David N. Cornfield

Publication Details

  • Chronic intrauterine pulmonary hypertension increases capacitative calcium entry in fetal pulmonary artery smooth muscle cells AMERICAN JOURNAL OF PHYSIOLOGY-LUNG CELLULAR AND MOLECULAR PHYSIOLOGY Resnik, E. R., Keck, M., Sukovich, D. J., Herron, J. M., Cornfield, D. N. 2007; 292 (4): L953-L959

    Abstract:

    Oxygen causes perinatal pulmonary dilatation. Although fetal pulmonary artery smooth muscle cells (PA SMC) normally respond to an acute increase in oxygen (O2) tension with a decrease in cytosolic calcium ([Ca2+]i), an acute increase in O2 tension has no net effect on [Ca(2+)](i) in PA SMC derived from lambs with chronic intrauterine pulmonary hypertension (PHTN). The present experimental series tests the hypothesis that an acute increase in O2 tension decreases capacitative calcium entry (CCE) in normal, but not hypertensive, fetal PA SMC. PA SMC were isolated from late-gestation fetal lambs after either ligation of the ductus arteriosus (PHTN) or sham (control) operation at 127 days gestation. PA SMC were isolated from the distal PA (>or=4th generation) and maintained under hypoxic conditions ( approximately 25 Torr) in primary culture. After fura 2 loading, apparent [Ca2+]i in PA SMC was determined as the ratio of 340- to 380-nm fluorescence intensity.
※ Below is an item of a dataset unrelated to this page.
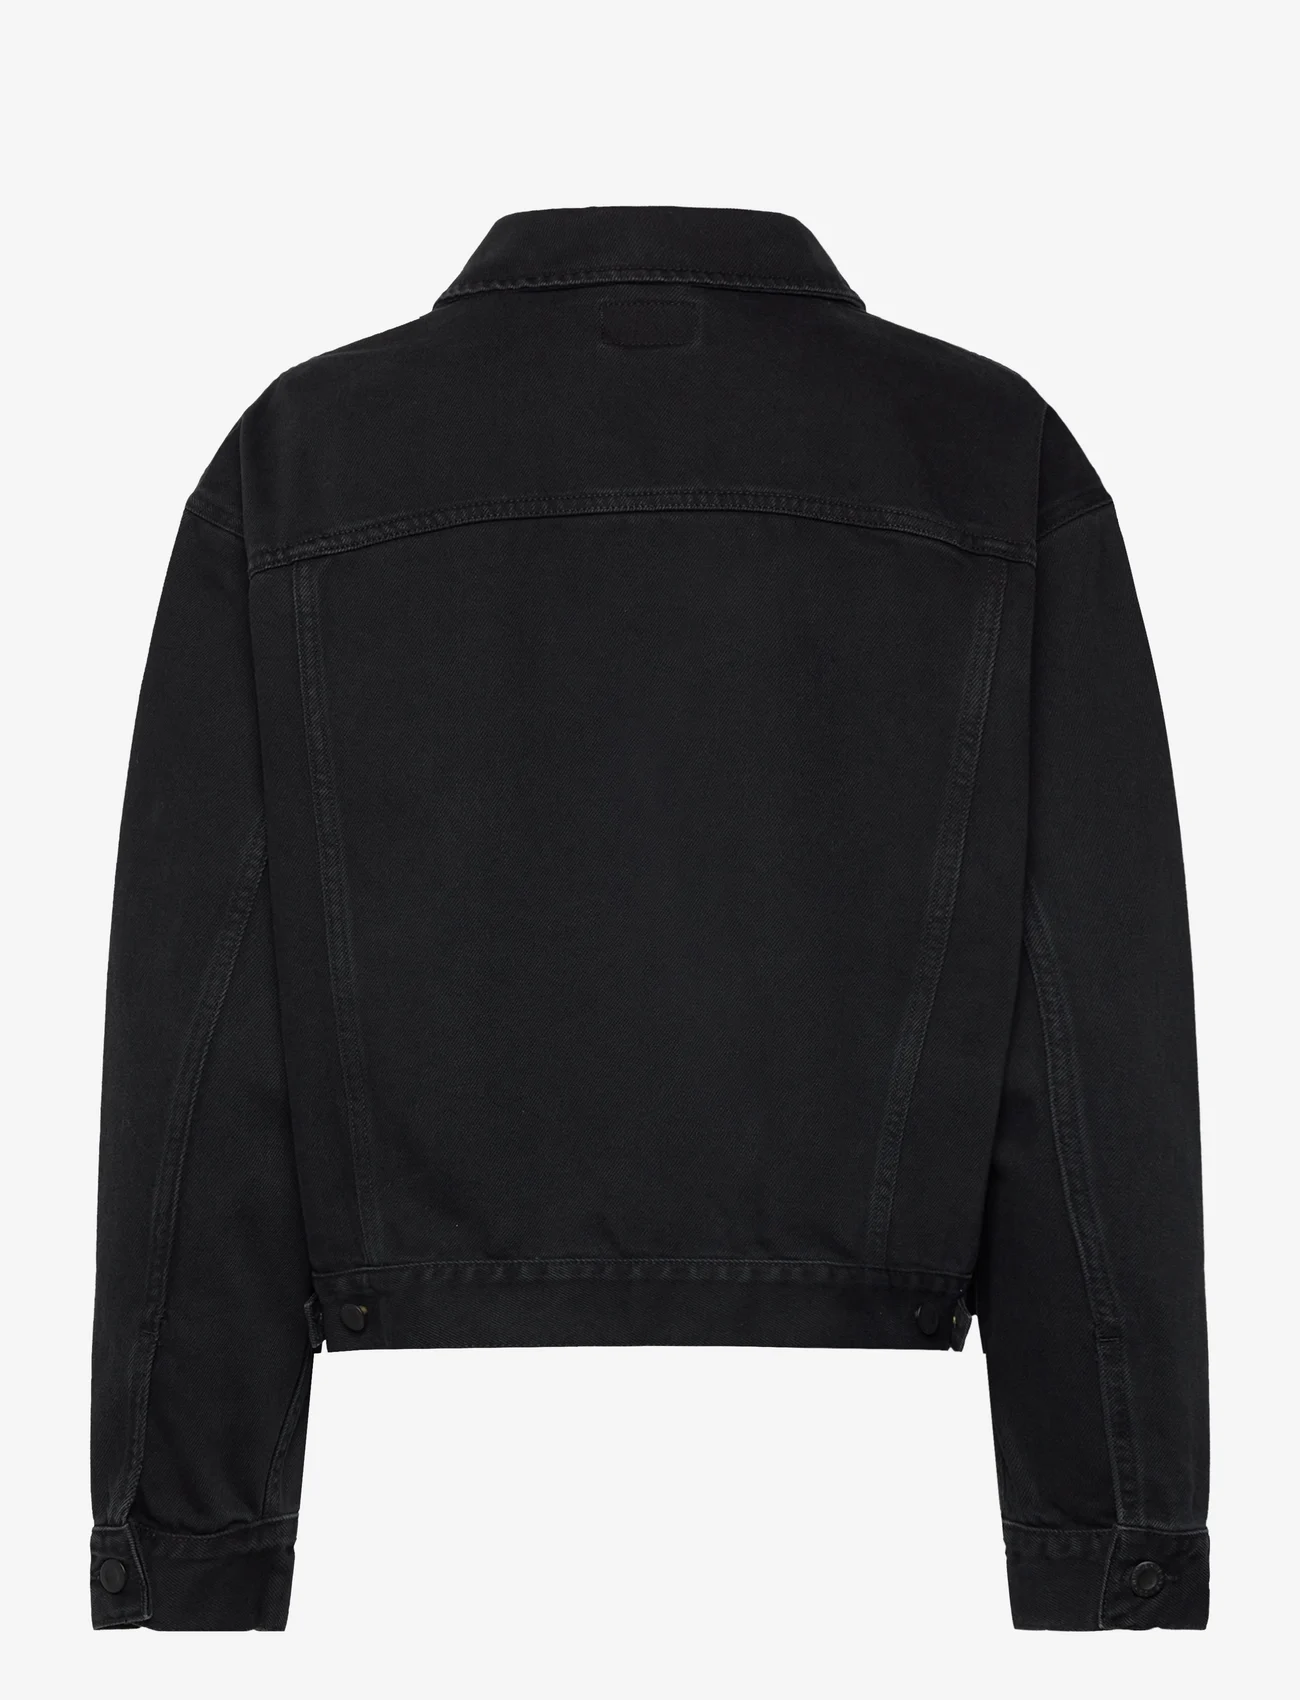 Nudie Jeans - Berit Denim Jacket Asphalt Black - farkkutakit - black - 1
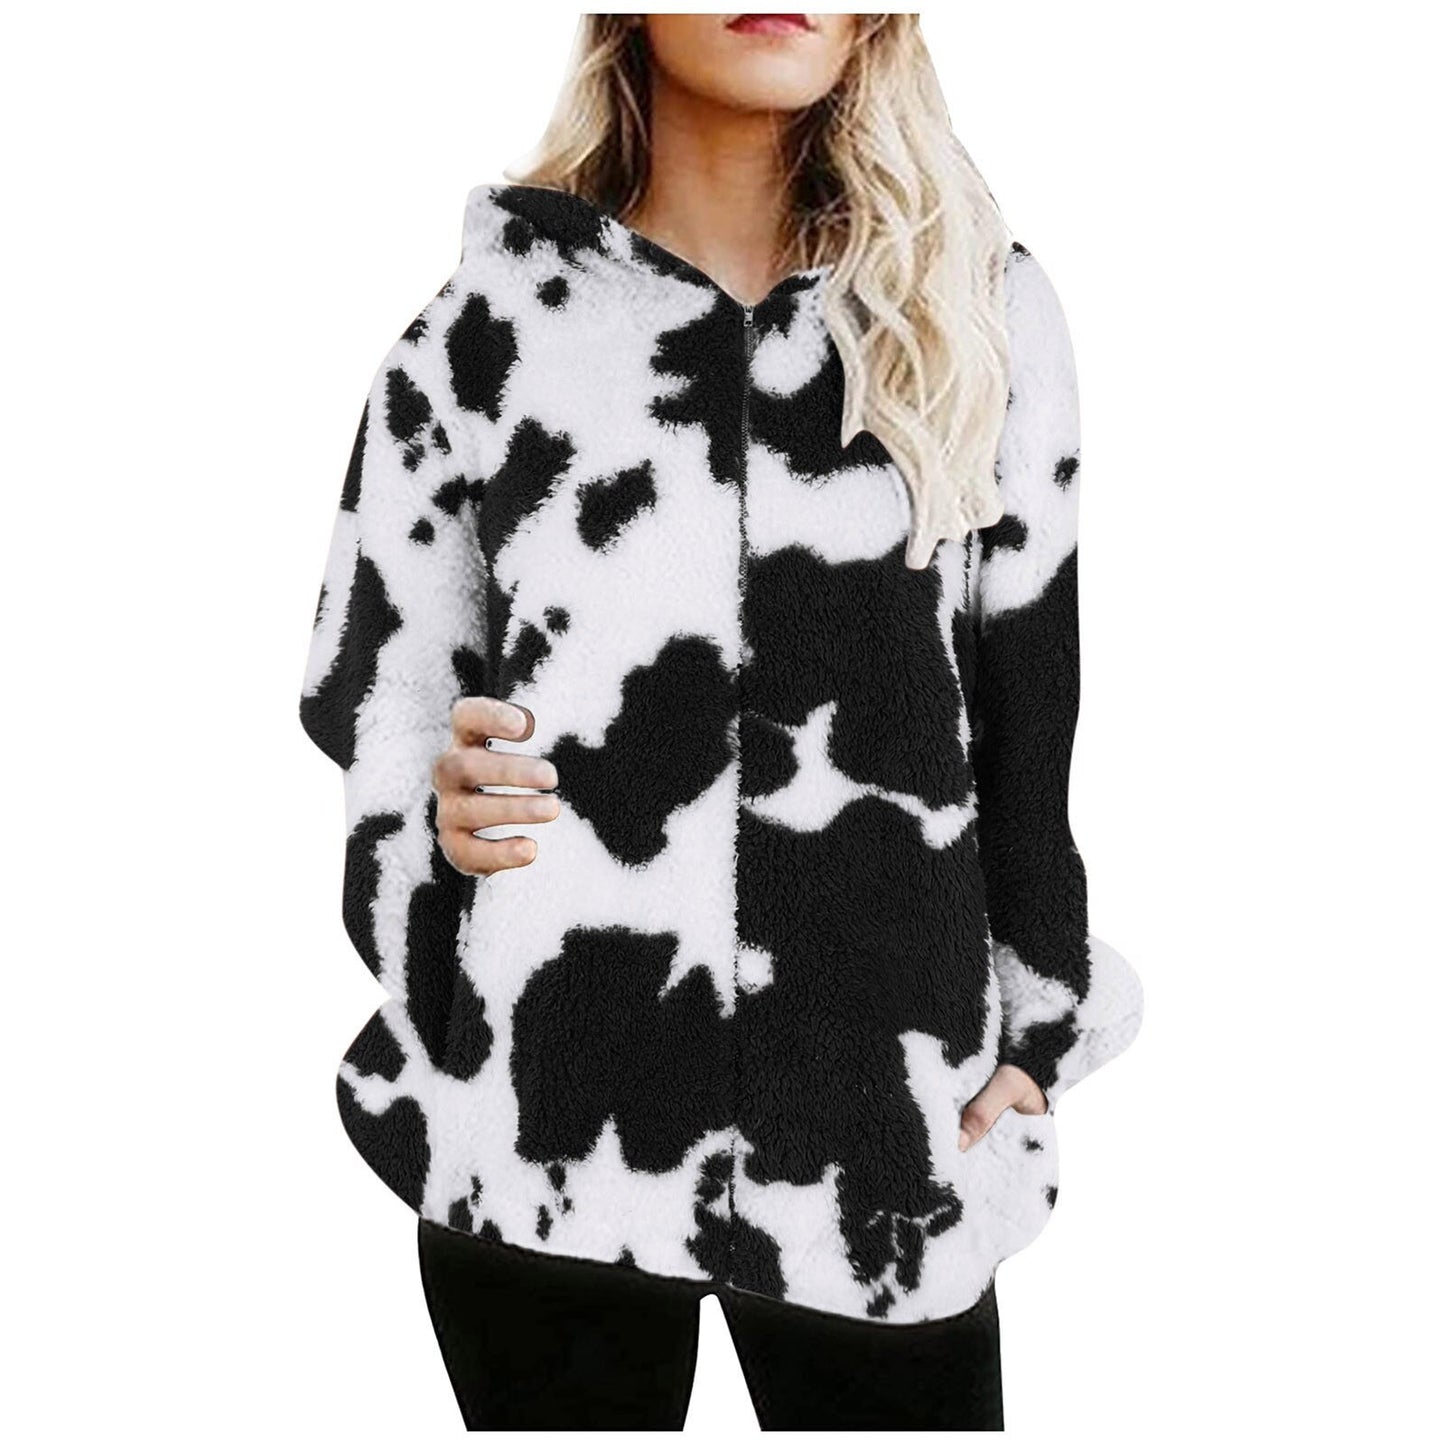 Cow Printing Women 2021 Winter Jackets Zipper Long-sleeved Sweatshirts Streetwear Cashmere Warmth Thick Coat Loose Hoodies

Under both hypoxic and normoxic conditions, cyclopiazonic acid (CPA) increased [Ca2+]i more in PHTN than in control PA SMC. CCE was determined in PA SMC under hypoxic and normoxic conditions, after superfusion with zero extracellular Ca2+ and intracellular store depletion with CPA, followed by superfusion with Ca2+-containing solution, in the presence of the voltage-operated calcium channel blockade. CCE was increased in PHTN compared with control PA SMC under conditions of both acute and sustained normoxia. Transient receptor potential channel gene expression was greater in control compared with PHTN PA SMC. PHTN may compromise perinatal pulmonary vasodilation, in part, by modulating PA SMC CCE.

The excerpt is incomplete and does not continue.